Total genomic DNA was extracted from a portion of each caudal fin using the Kaneka Easy DNA extraction kit version 2 (Kaneka, Hyogo, Japan) or the DNeasy Blood & Tissue Kit (Qiagen, Hilden, Germany). Total genomic DNA was used to amplify DNA fragments using polymerase chain reaction (PCR). For PCR, the following forward primer was used: L14690-Cb-AH, 5'-GGT CAT AAT TCT TGC TCG GA-3' (Kitanishi et al. 2016), and for the reverse primers H15913- Thr-AH, 5'-CCG ATC TTC GGA TTA CAA GAC CG-3' (Kitanishi et al. 2016), or Cytb-Rev, 5'-GAT CTT CGG ATT ACA AGA CC-3' (Hashiguchi et al. 2006). The sequencing protocol was previously described by Ito et al. (2020). All sequences were deposited in the DNA Data Bank of Japan (DDBJ), European Nucleotide Archive (EMBL), and GenBank databases under the accession numbers LC775317LC775352.

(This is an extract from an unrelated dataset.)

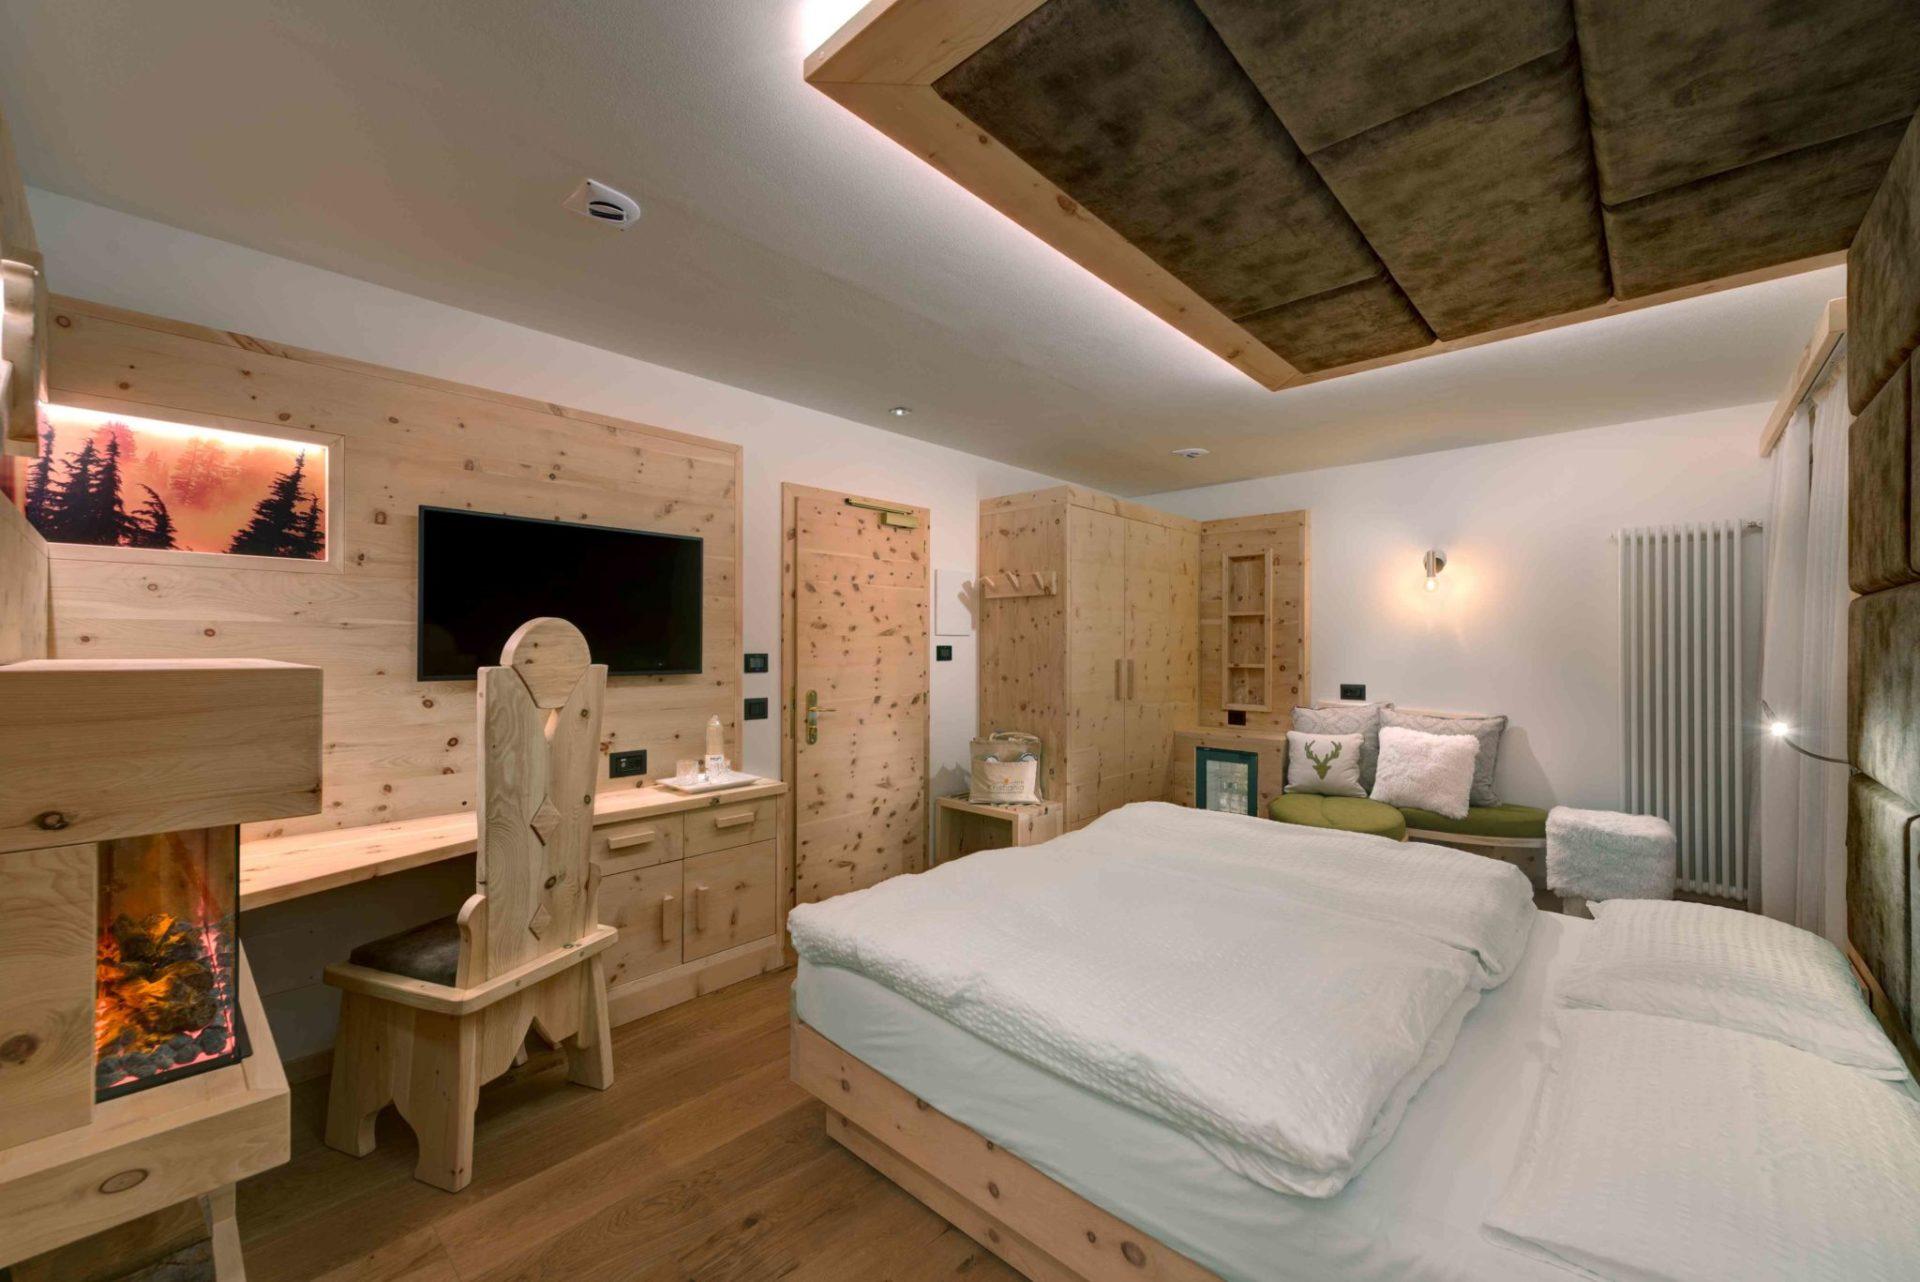 Immagine testata per Heavenly rest in our hotel rooms in Val di Sole

Sequence and phylogenetic analyses

Multiple alignments of nucleotide sequences were performed using MUSCLE (Edgar 2004). For the phylogenetic analysis, nucleotide sequence data for A. t. tabira were obtained from DDBJ, EMBL, and GenBank (AB620138, AB620141, AB620150, AB620159, AB759881AB759890, and LC578851, Kitamura et al. 2012; Umemura et al. 2012; Ito et al. 2021; Table 1). In addition, we used Acheilognathus tabira jordani Arai, Fujikawa & Nagata, 2007, a sister group of A. t. tabira, as outgroups (AB620149, and AB620156, Kitamura et al. 2012). Phylogenetic analyses were conducted using maximum likelihood (ML) and Bayesian inference (BI) methods. Search for the best evolutionary model each partition and ML analyses were performed using IQ-TREE 2.2.2.6 (Minh et al. 2020), with the TIM2 + F + I, K2P + I, and F81 + F models for the first, second, and third codon positions as selected by ModelFinder (Chernomor et al. 2016; Kalyaanamoorthy et al. 2017) based on the Bayesian information criterion (BIC). The reliability of each internal branch was evaluated using Shimodaira-Hasegawa-like approximate likelihood ratio test (SH-aLRT, Guindon et al. 2010) and ultrafast bootstrap (UFBoot, Hoang et al. 2018) and with 1000 replicates. In this study, according to the manual, support values of 80% or higher for SH-aLRT and 95% or higher for UFBoot were considered as high support values. BI analyses were performed using MrBayes v3.2.7a (Ronquist et al. 2012), with the HKY + I, K80 + I + G4, F81 models for the first, second, and third codon positions as selected by ModelTest-NG (Darriba et al. 2017) based on the BIC. The MCMC analyses were performed using the following settings: ngen = 10000000, sample freq = 100, and burnin = 25000. Statistical parsimony networks were constructed using TCS v1.2.1 (Clement et al. 2000). In this study, the Bayesian posterior probability (PP) of 80% or higher was considered to indicate high support values.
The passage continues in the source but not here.